# ACTIVITY:
Every line of the material is to be returned verbatim. Pictures stay out.

*** DATASET SECTION Section Begins ***

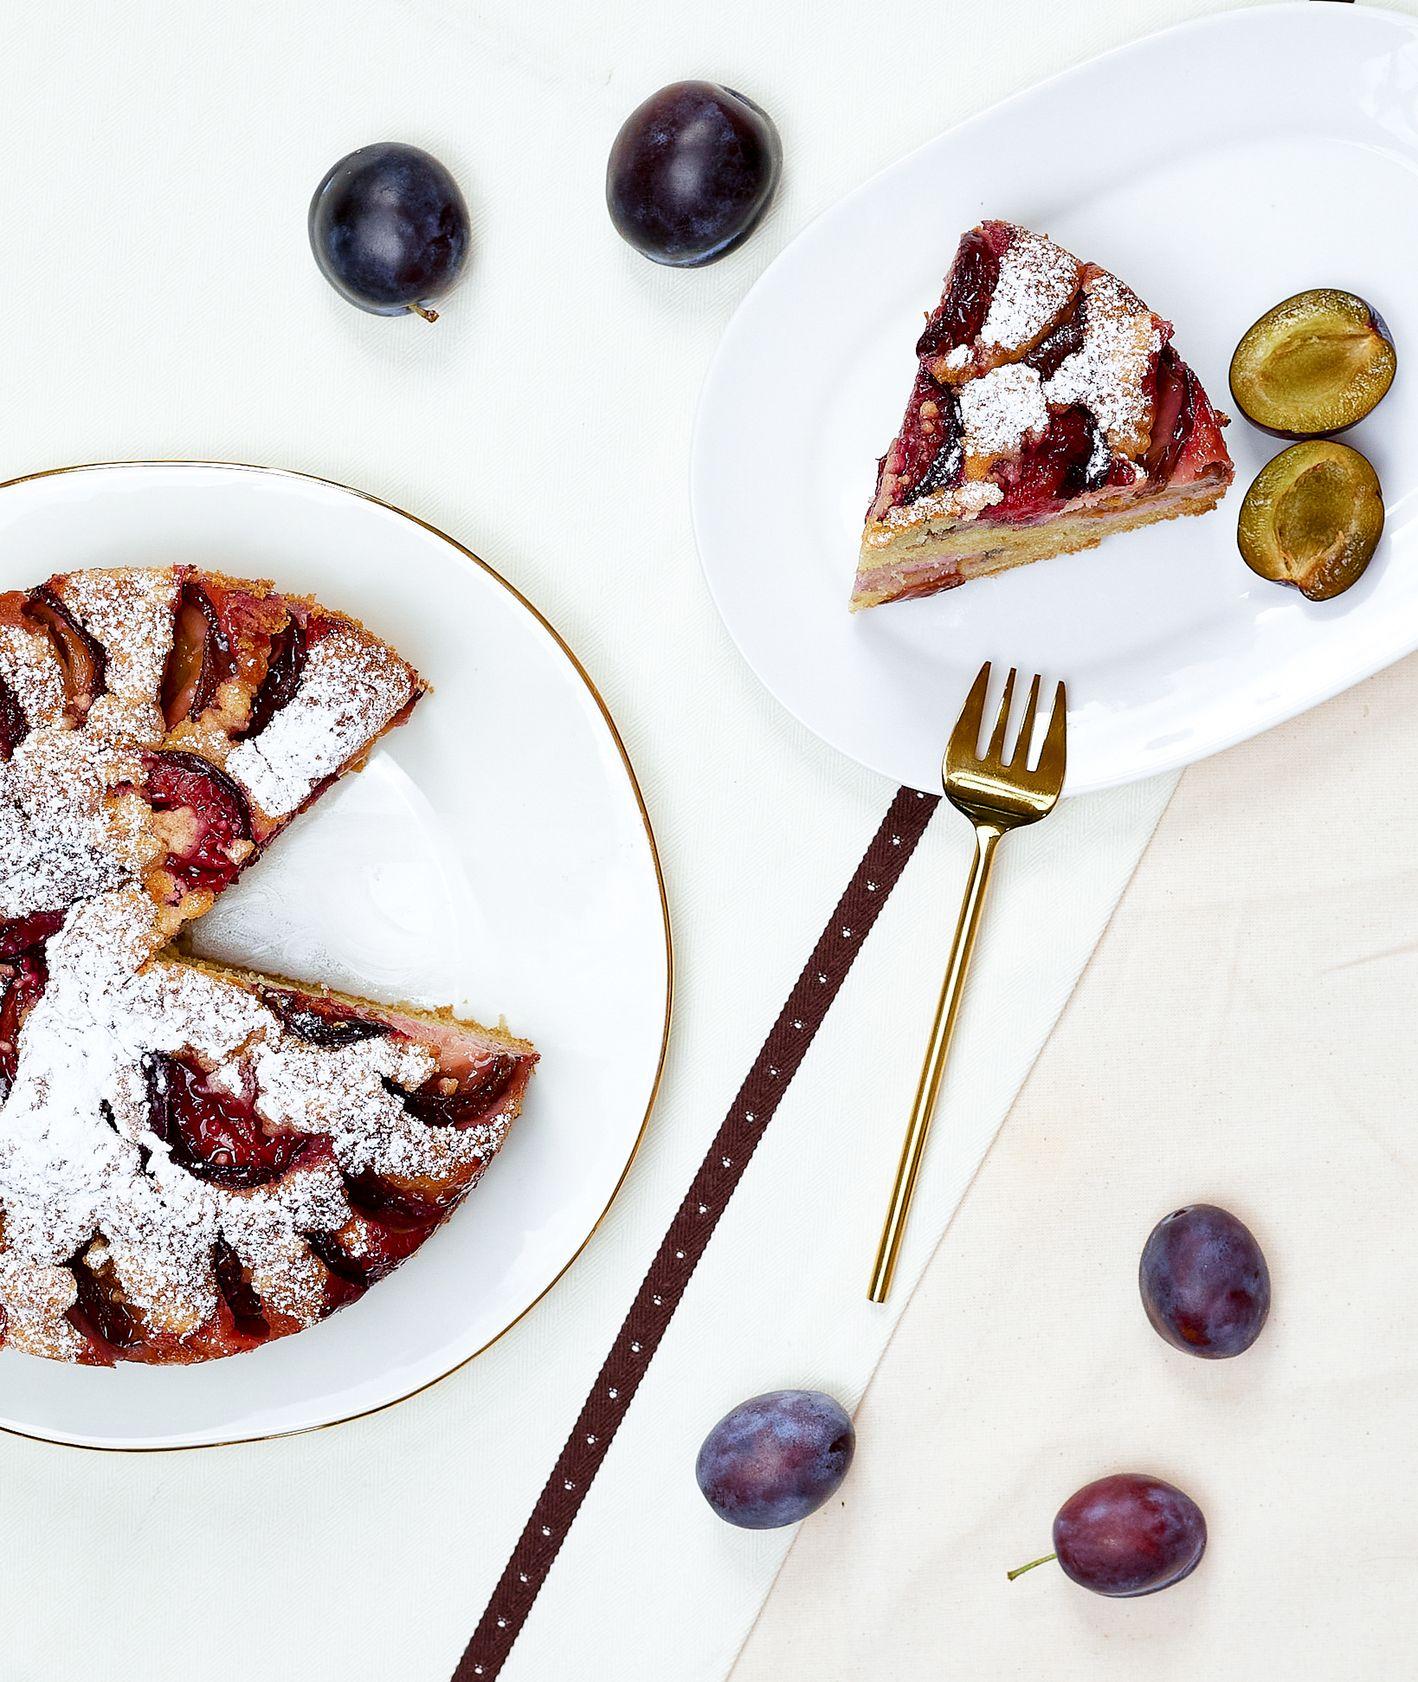 Klasyczne ucierane ciasto ze śliwkami z cukrem pudrem (fot. Maciej Niemojewski)
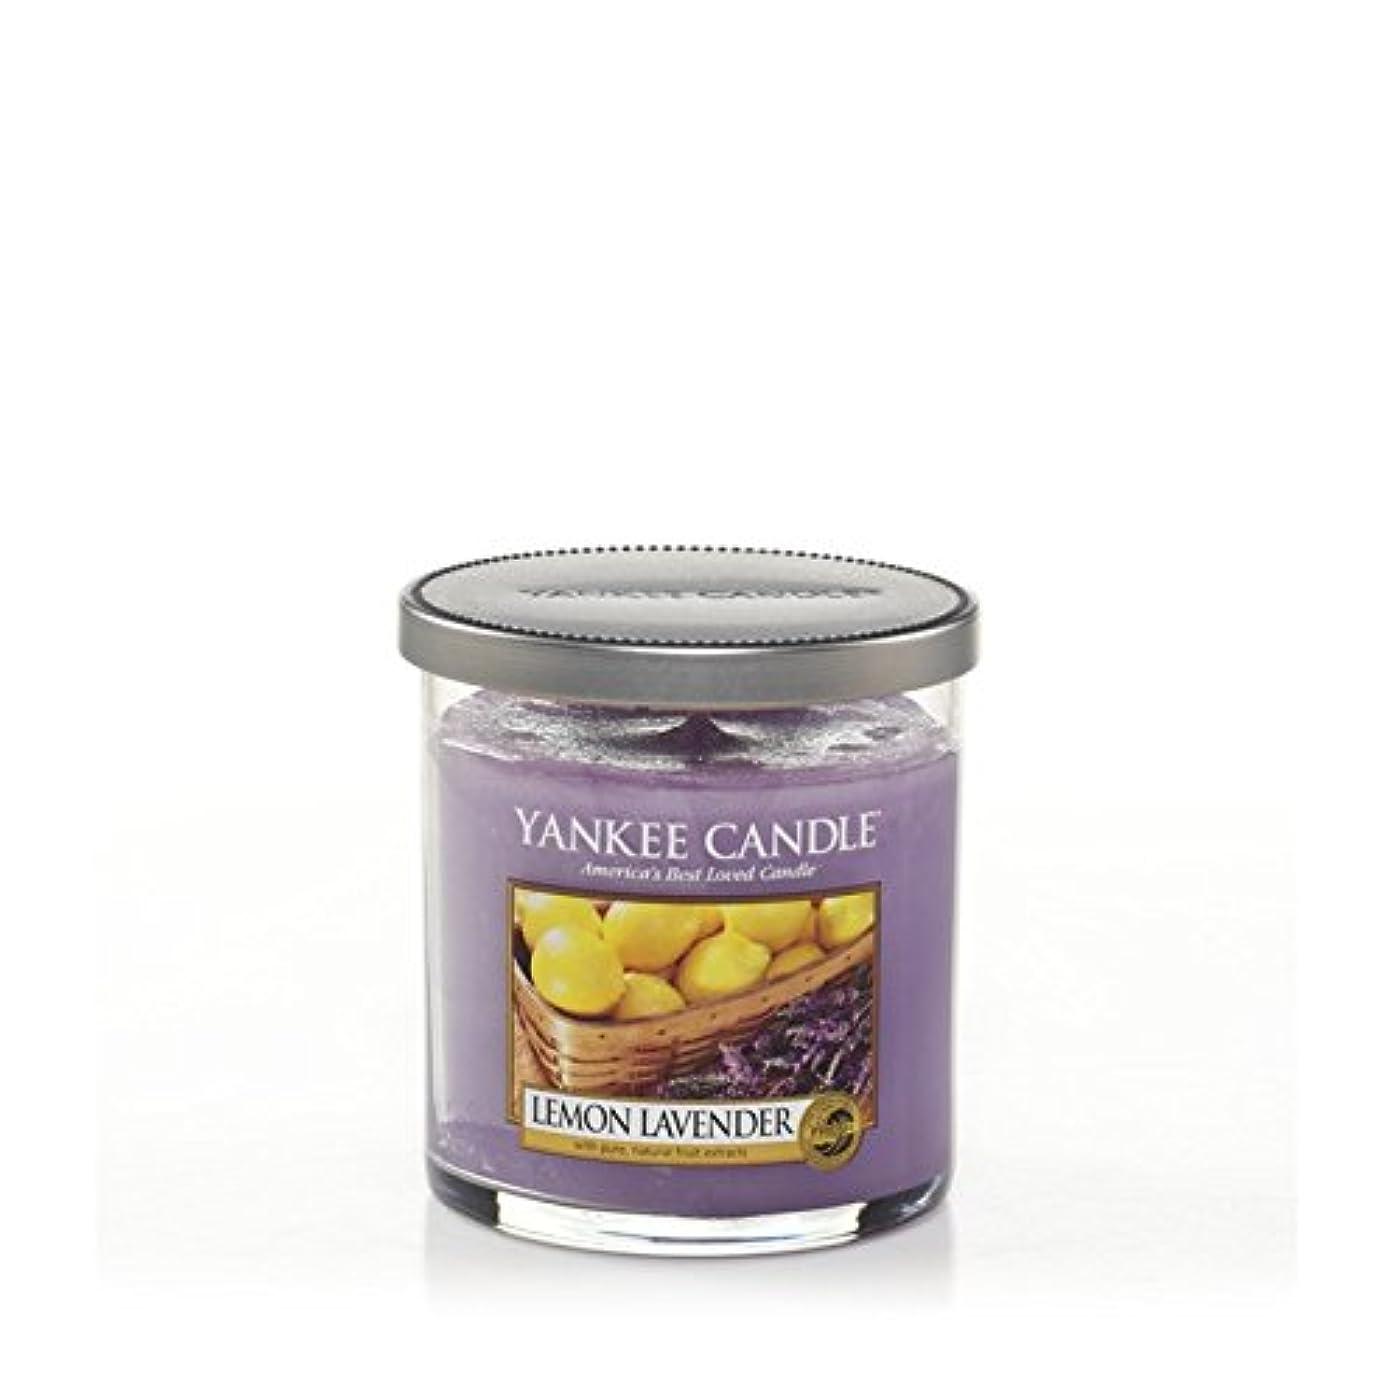 根絶するドリンク小切手Yankee Candles Small Pillar Candle - Lemon Lavender (Pack of 2) - ヤンキーキャンドルの小さな柱キャンドル - レモンラベンダー (x2) [並行輸入品]
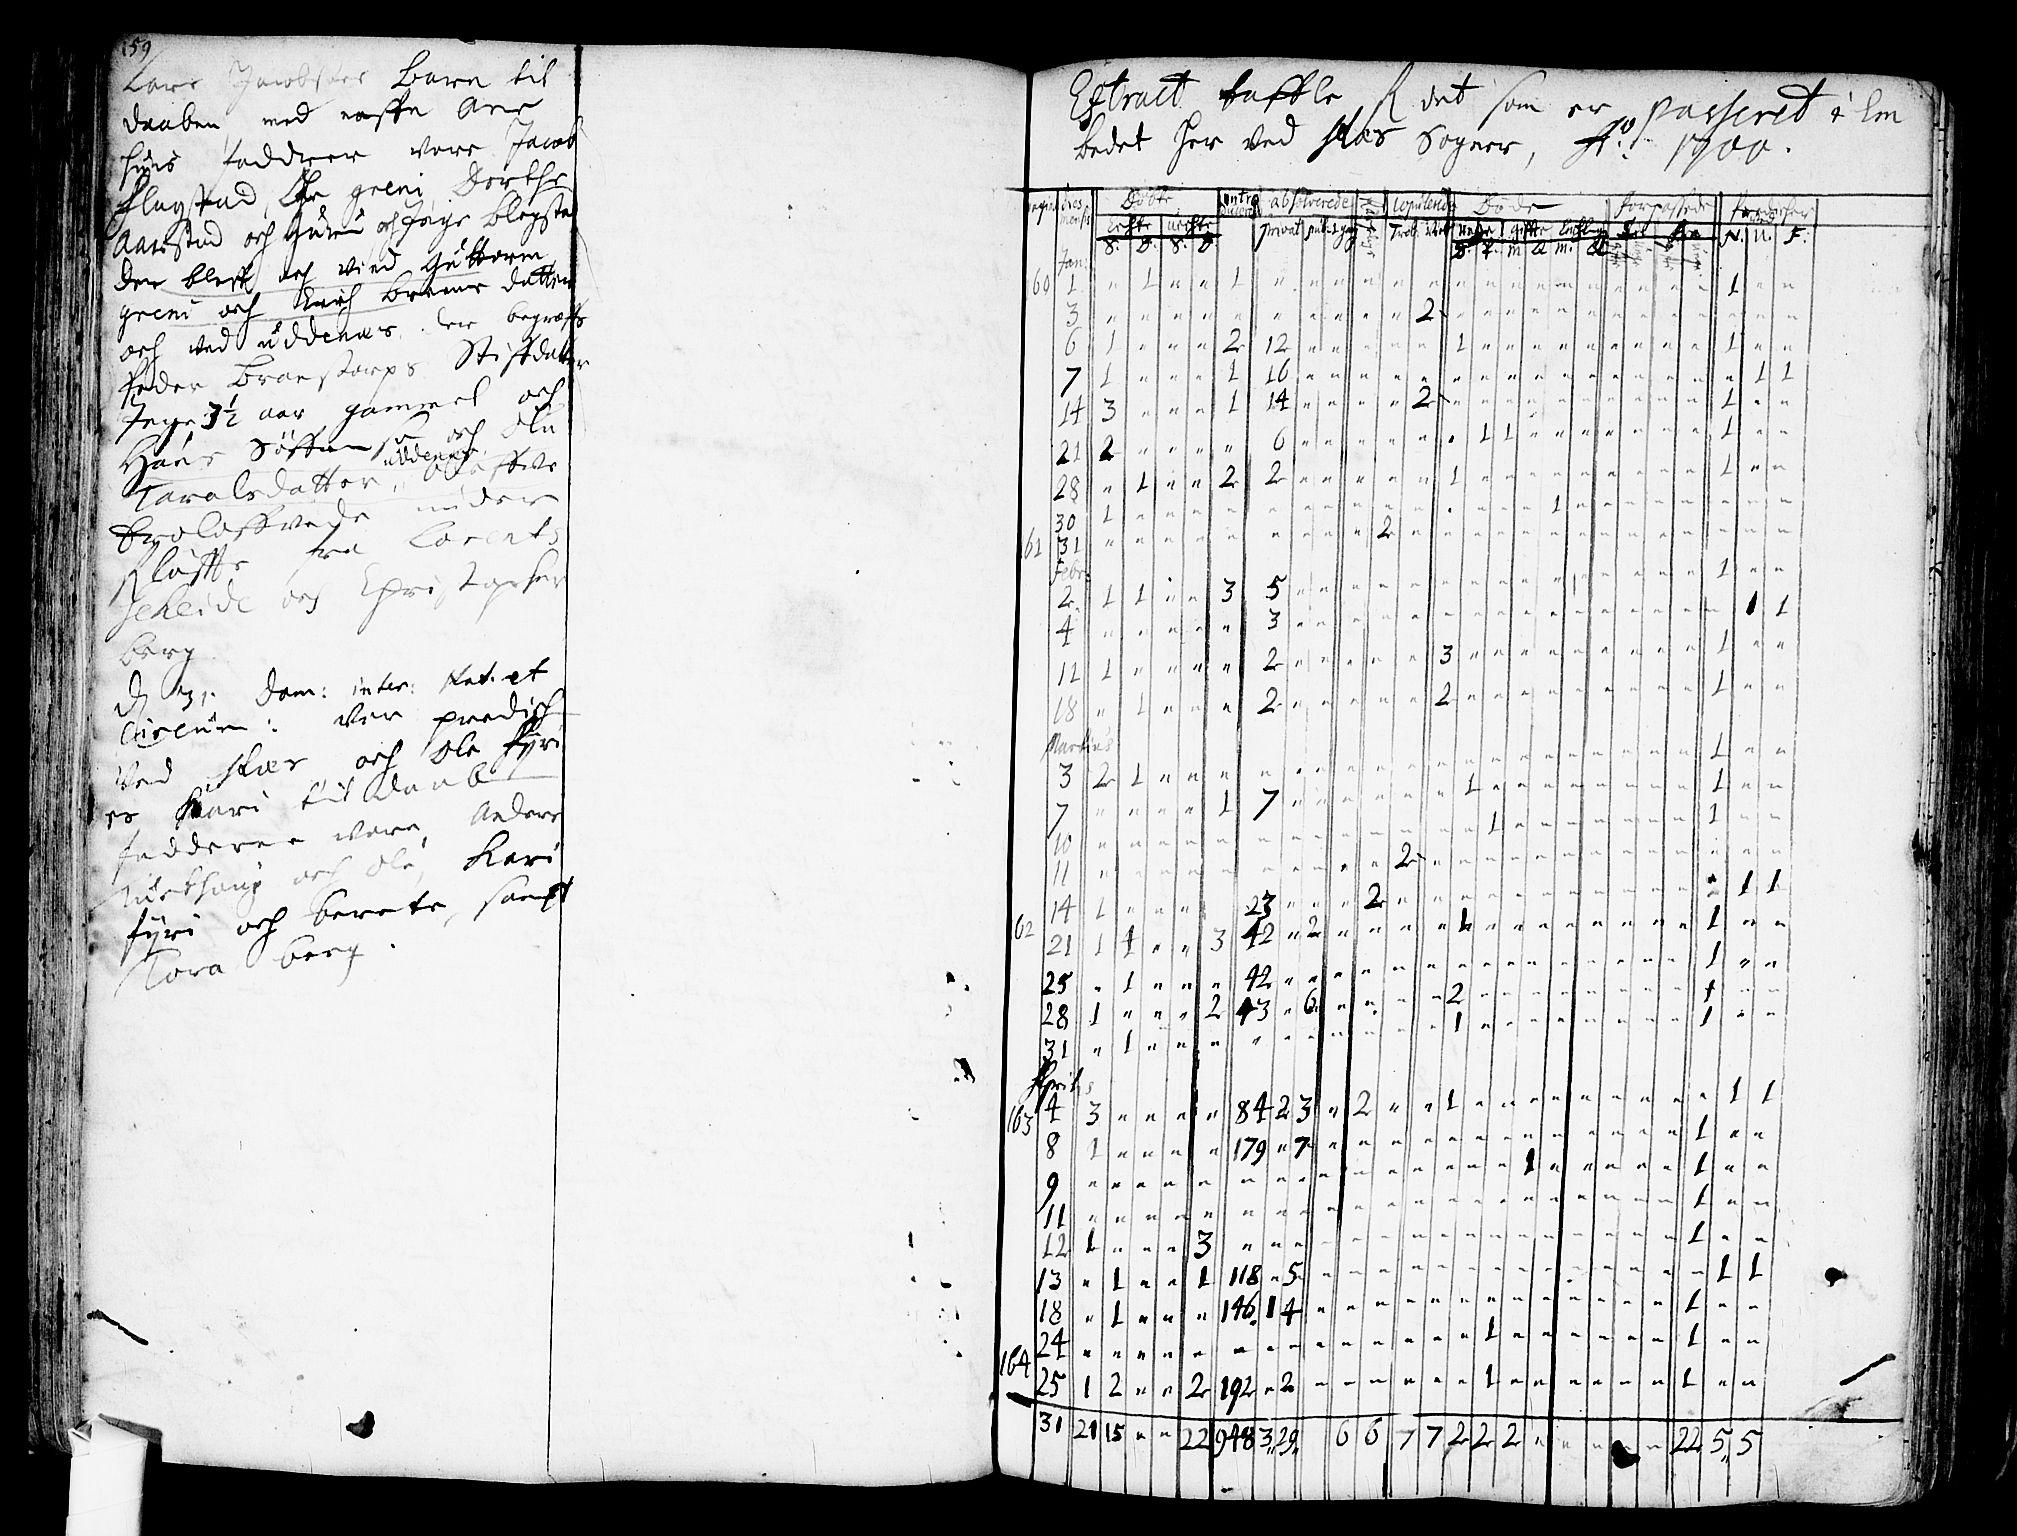 SAO, Nes prestekontor Kirkebøker, F/Fa/L0001: Ministerialbok nr. I 1, 1689-1716, s. 159a-159b

*** DATASET SECTION Section Ends ***

# RESPONSE TO THIS EXERCISE:
 Klasyczne ucierane ciasto ze śliwkami z cukrem pudrem (fot. Maciej Niemojewski)
 根絶するドリンク小切手Yankee Candles Small Pillar Candle - Lemon Lavender (Pack of 2) - ヤンキーキャンドルの小さな柱キャンドル - レモンラベンダー (x2) [並行輸入品]
 SAO, Nes prestekontor Kirkebøker, F/Fa/L0001: Ministerialbok nr. I 1, 1689-1716, s. 159a-159b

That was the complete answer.